Written By: Ehren Kruger

Produced by: A Giant Pile of Cocaine


TOKEN BLACK GUY: "So you're tellin' me that this guy kills multiple people the same way every time, even though it's all elaborate?"

FBI PROFILER GUY TOTALLY NOT MULDER: "My god, you're a cop on the Special Serial Murder Crime Forensics Tactics Squad, you should understand what we mean by "serial killer."

TBG: "It's not my fault, I think whoever gives me my lines is racist."

[Missing Pages and Mold]

PROFILER: "From seeing the instagram photos from the man who sold the murderer's sister a  car last year, I can tell that our killer is a white guy with a ponytail who orders expensive coffees, even though he can't tell the difference between them. FURTHERMORE - [insert plot twist here: EK]
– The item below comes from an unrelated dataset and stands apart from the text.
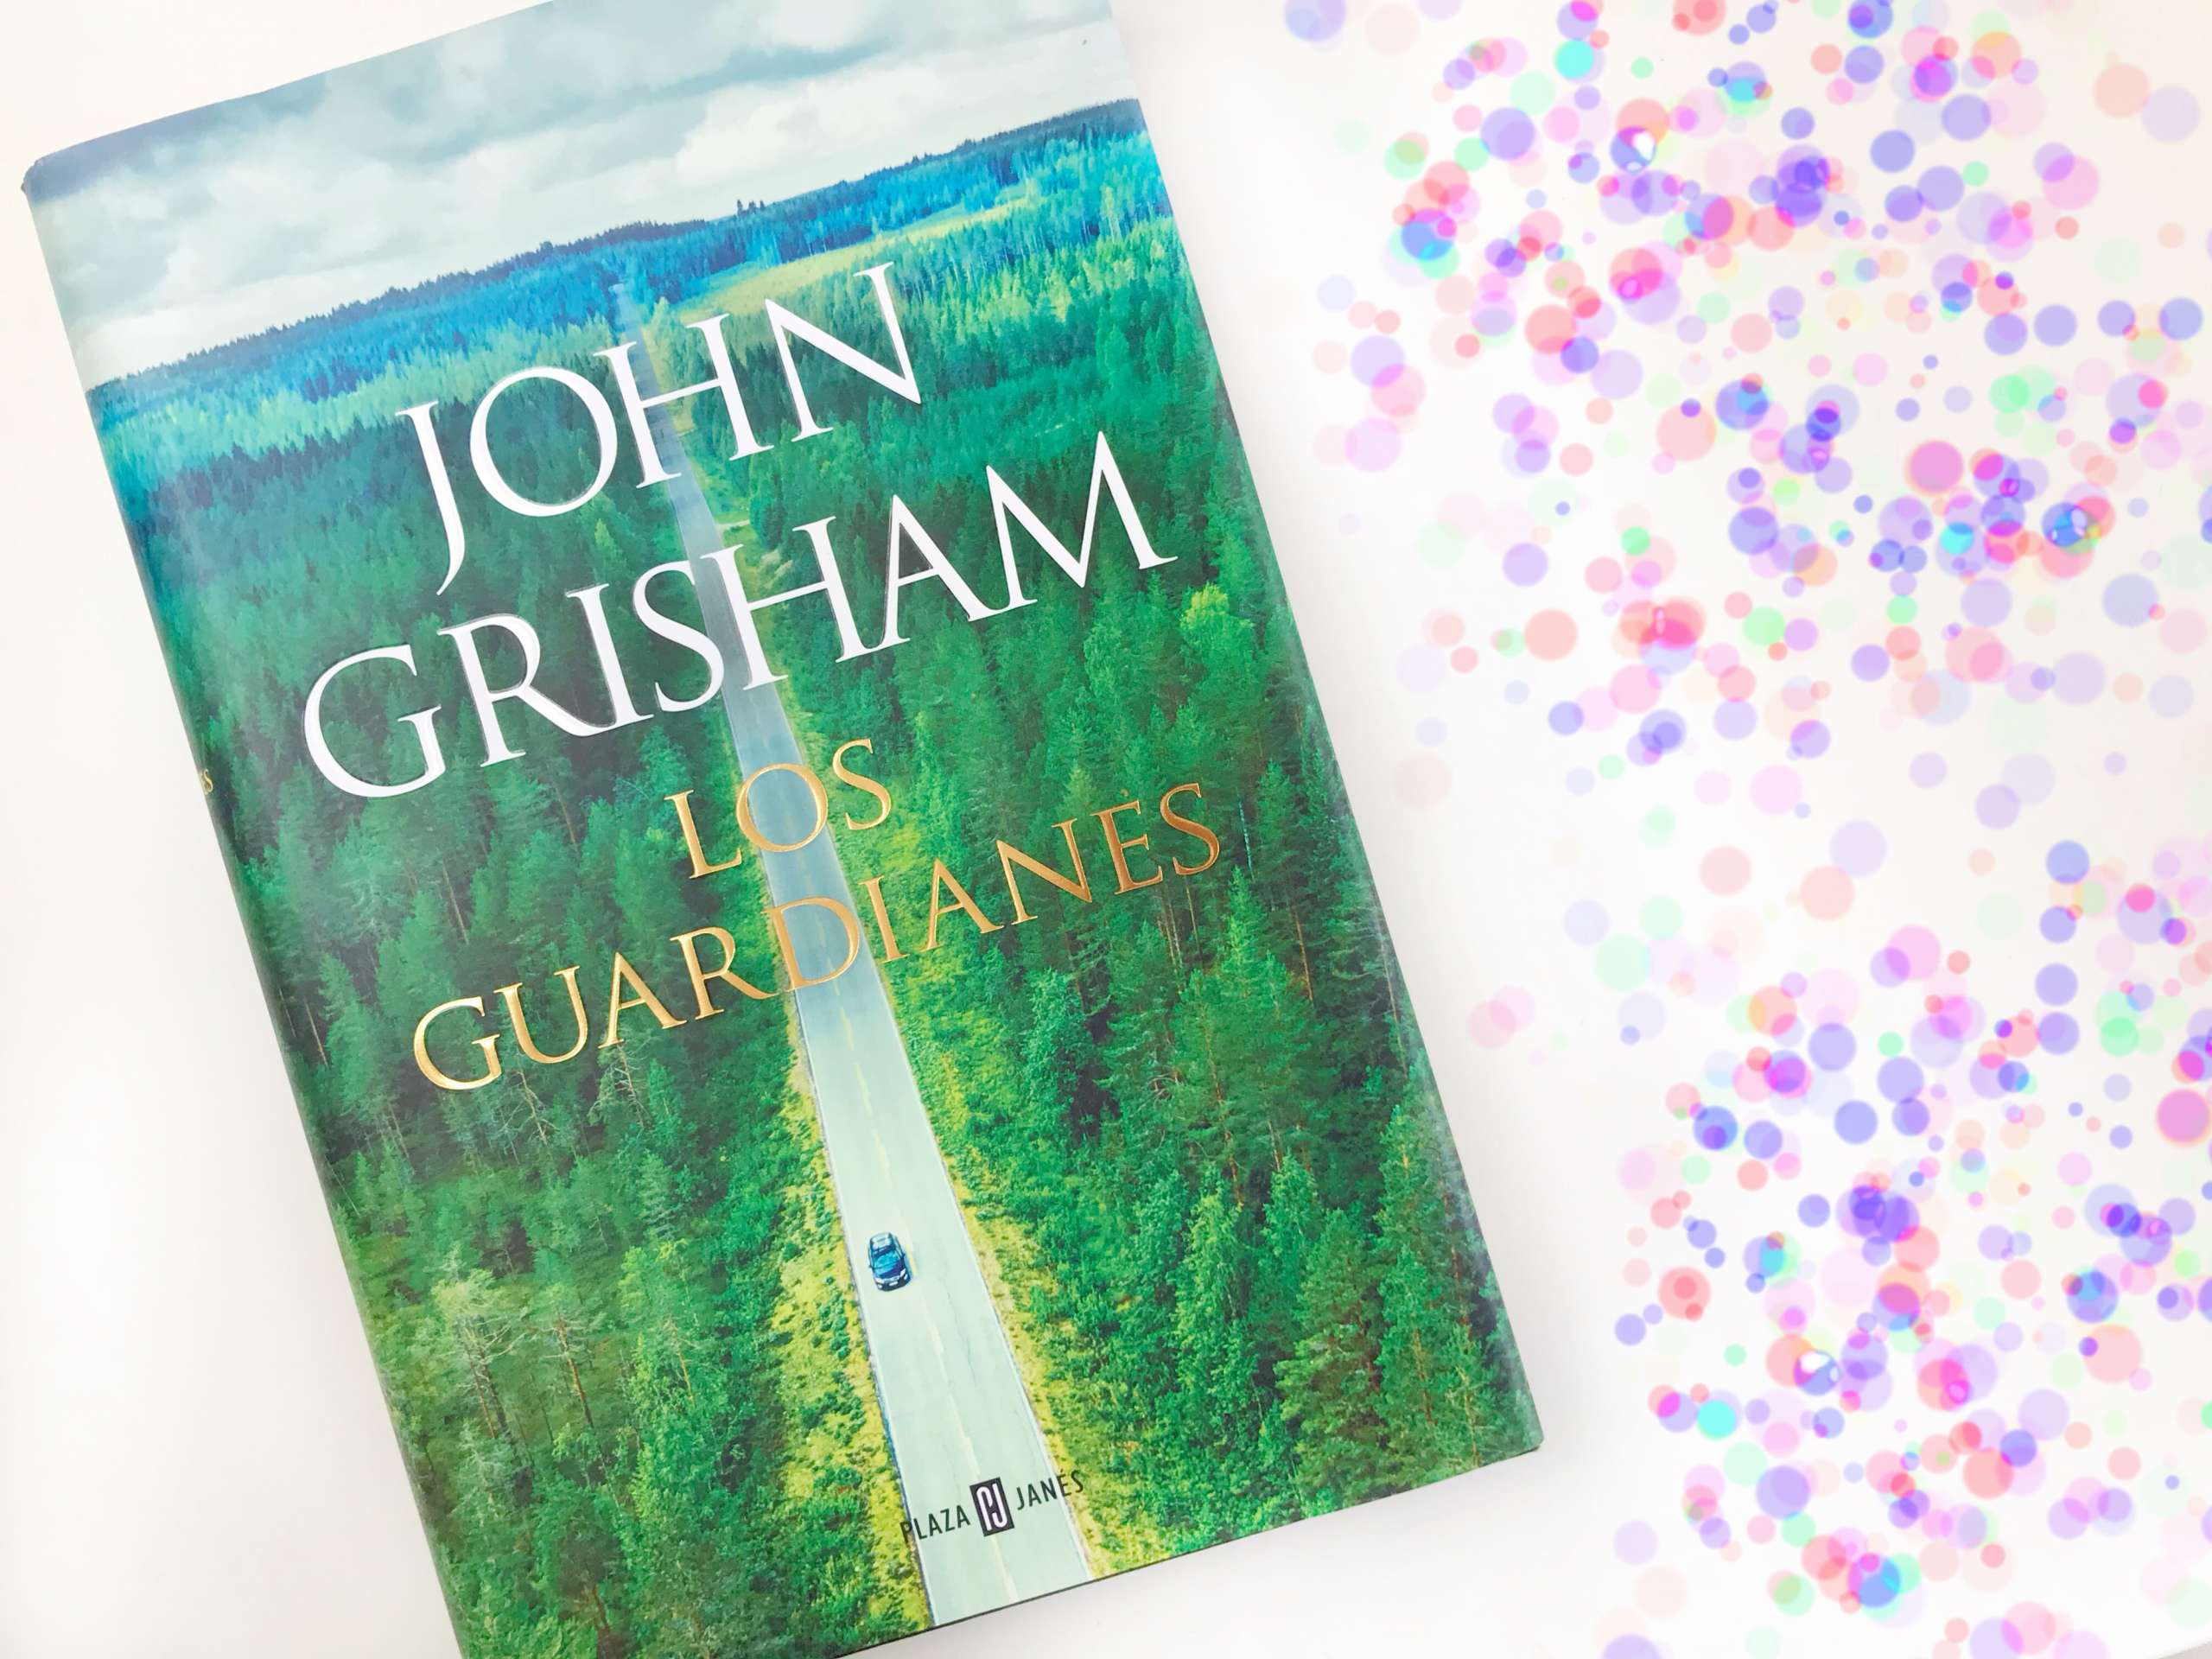 Los guardianes, de John Grisham

ATTRACTIVE FEMALE SCIENCE LADY TOTALLY NOT SCULLY: "Whoa! Let's wait on those lab reports, cowboy."

INTERN: "They're already done, boss! I was holding them back for dramatic impact!"

SCIENCE LADY: "I thought I was fast, but in reality there's no way I could have even sent those to the lab by now."

INTERN: "Just 'Pullin' a Scully,' as we say in the lab."

PROFILER: "Nobody says that except as a euphemism for..."

[Pages Missing]

The characters are standing around the dead INTERN. Nobody is therefore picking up EVIDENCE but SCIENCE LADY has her hand in a PLASTIC BAG. For REASONS no one has turned on any LIGHTS, even though it's a CRIME SCENE.

PROFILER: "Murder."

TBG: "We are murder police, Captain."

PROFILER: "It's pronounced 'Capain.' It's French."

SCIENCE LADY: "Put it in the murder bag."

TBG: "But your hand is in there."

ATTRACTIVE WHITE MALE WITH JAWLINE: "He's made this personal, FBI Special Murder Agent Capain Psycopath. Unnamed Intern there was one our own."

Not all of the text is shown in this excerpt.